Whether to help supplement farm incomes or for fundraising, sunflower patches have been drawing large crowds and families in recent weeks.
However, it’s been a challenging season for many sunflower growers.
The Rayner family started the Gladstone Sunflower Patch in Wairarapa three years ago to help fundraise for their son’s hockey team.
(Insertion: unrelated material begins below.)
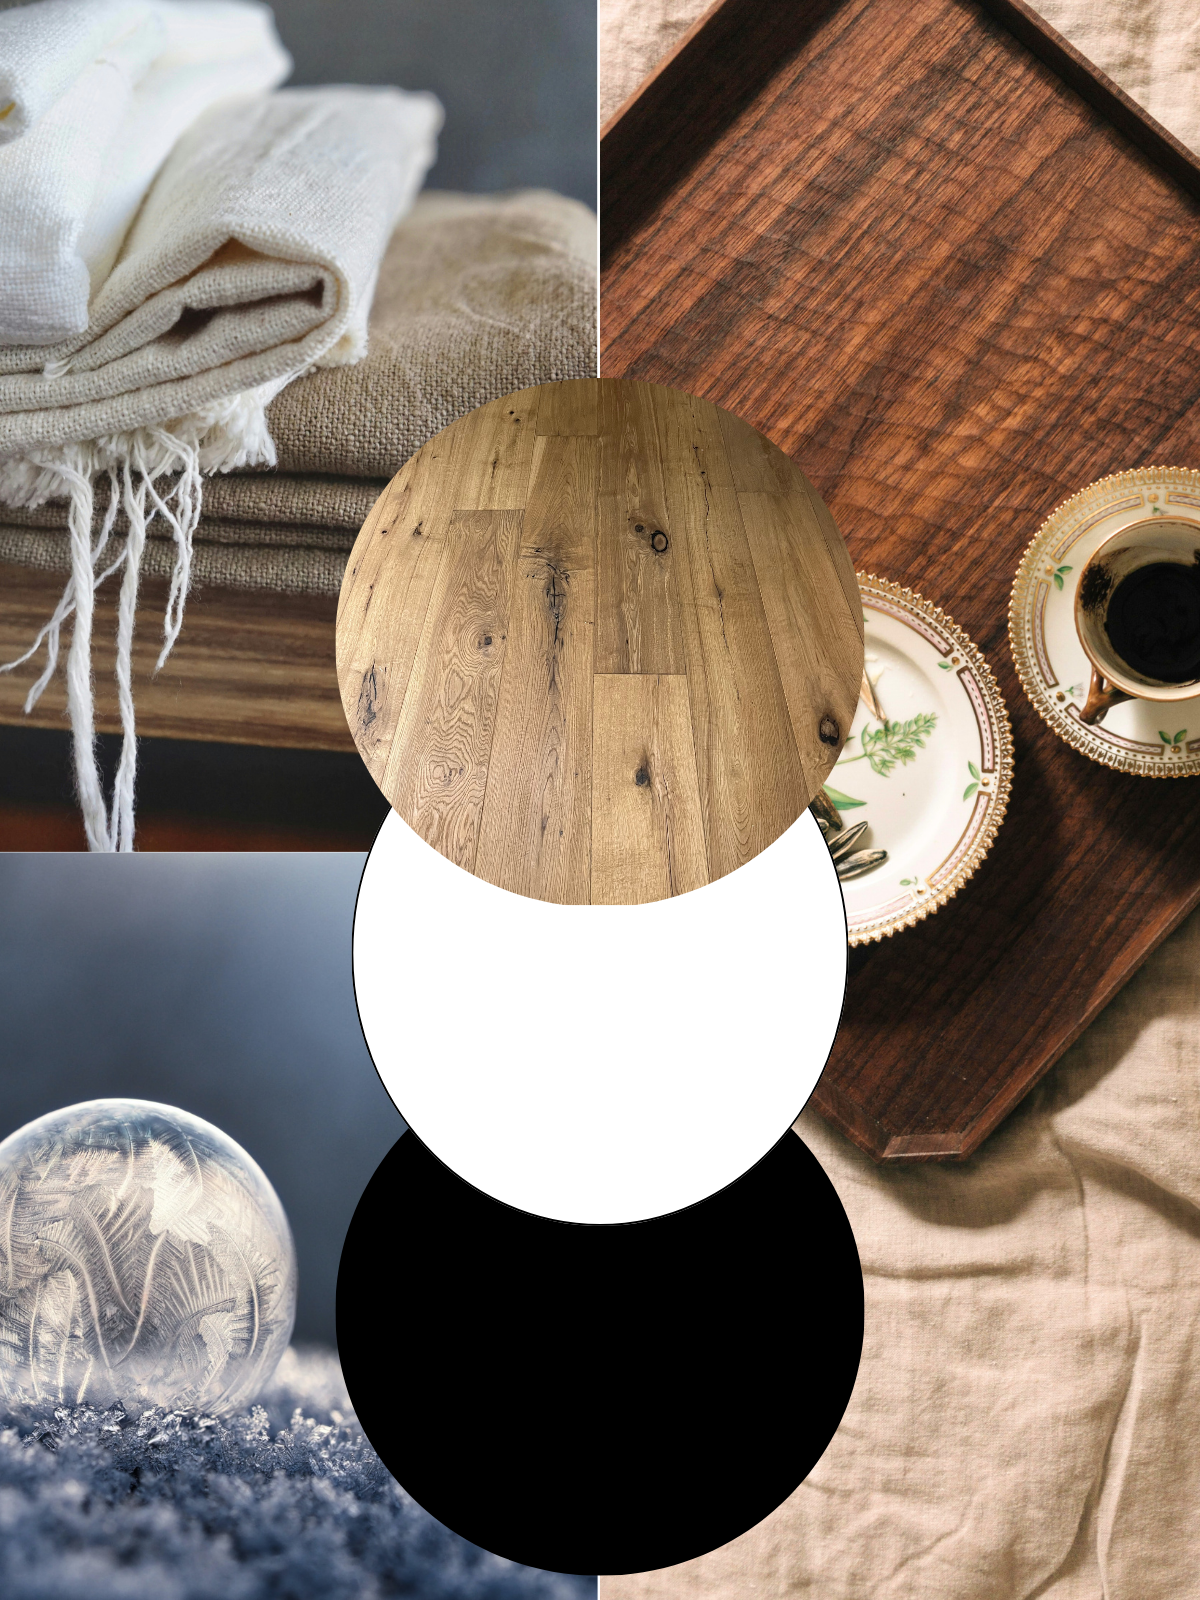 mood board with wood tones, black and white paint, fabrics and glass globe

Last year they raised about $12,000 for the team.
She said they were “well behind” this season, compared to last.
“We’ve had a lot of trouble with getting our patch started this year.
“We’re a little bit later than we usually would be.”
Gates to the sunflower patch opened last weekend, which was later than the family would have hoped, Rayner said.
“We’re just not getting people through the gate, I think because there’s so many sunflower patches around.”
Unfortunately, the season started with cutworm, a type of moth caterpillar that eats young plants and seedlings, and most commonly found in maize crops.
The family re-planted the crop just as conditions across Wairarapa became unusually dry for November and December, followed by non-stop rain.
It was likely to be a short season, only running for another week or two, Rayner said.
But there won’t be any sunflowers going to waste, as they’ll be fed to the cattle, and the ewes and then be rolled back into the soil.
It was also an early start this year for the team at the Mangamaire Sunflower Field, near Pahīatua.
Owner Abbe Hoare and her partner Emile de Greeuw started the patch four years ago, as a way to help try to slow traffic on their rural road.
The plan backfired, with more motorists now attracted to the area by the bright colourful flower fields, where they can get photos taken by Hoare, a professional photographer.
The pair are now looking to sell the business.
Hoare said it had been a mixed season.
“Every season has definitely had its growing challenges,” she said.
“Even four years in you think we must know it all by now, but unfortunately not.”
Though they had got their flowers in the ground early, they too had been impacted by cutworms: “something I’d never even heard of before,” Hoare said.
But they had still been able to open the season early, and were now readying for their final weekend.
It was also the third growing season for Kerry McCorry, of South Eyre Sunflowers in Canterbury.
The flowers were grown to raise funds for Gumboot Friday and the local community in Oxford, with the seeds donated by the Pure Oil company’s Good Oil team to support the project.
McCorry said they were so far on track to open for Waitangi Weekend, like last year, despite a lack of rain early on and problems with pigeons eating the early seedlings.
“I’m expecting it to be busier than last year, just going from the amount of messages coming through,” McCorry said.
“We are hoping for another successful sunflower season, and that the flowers raise some great fundraising for the charities and local initiatives that we support.”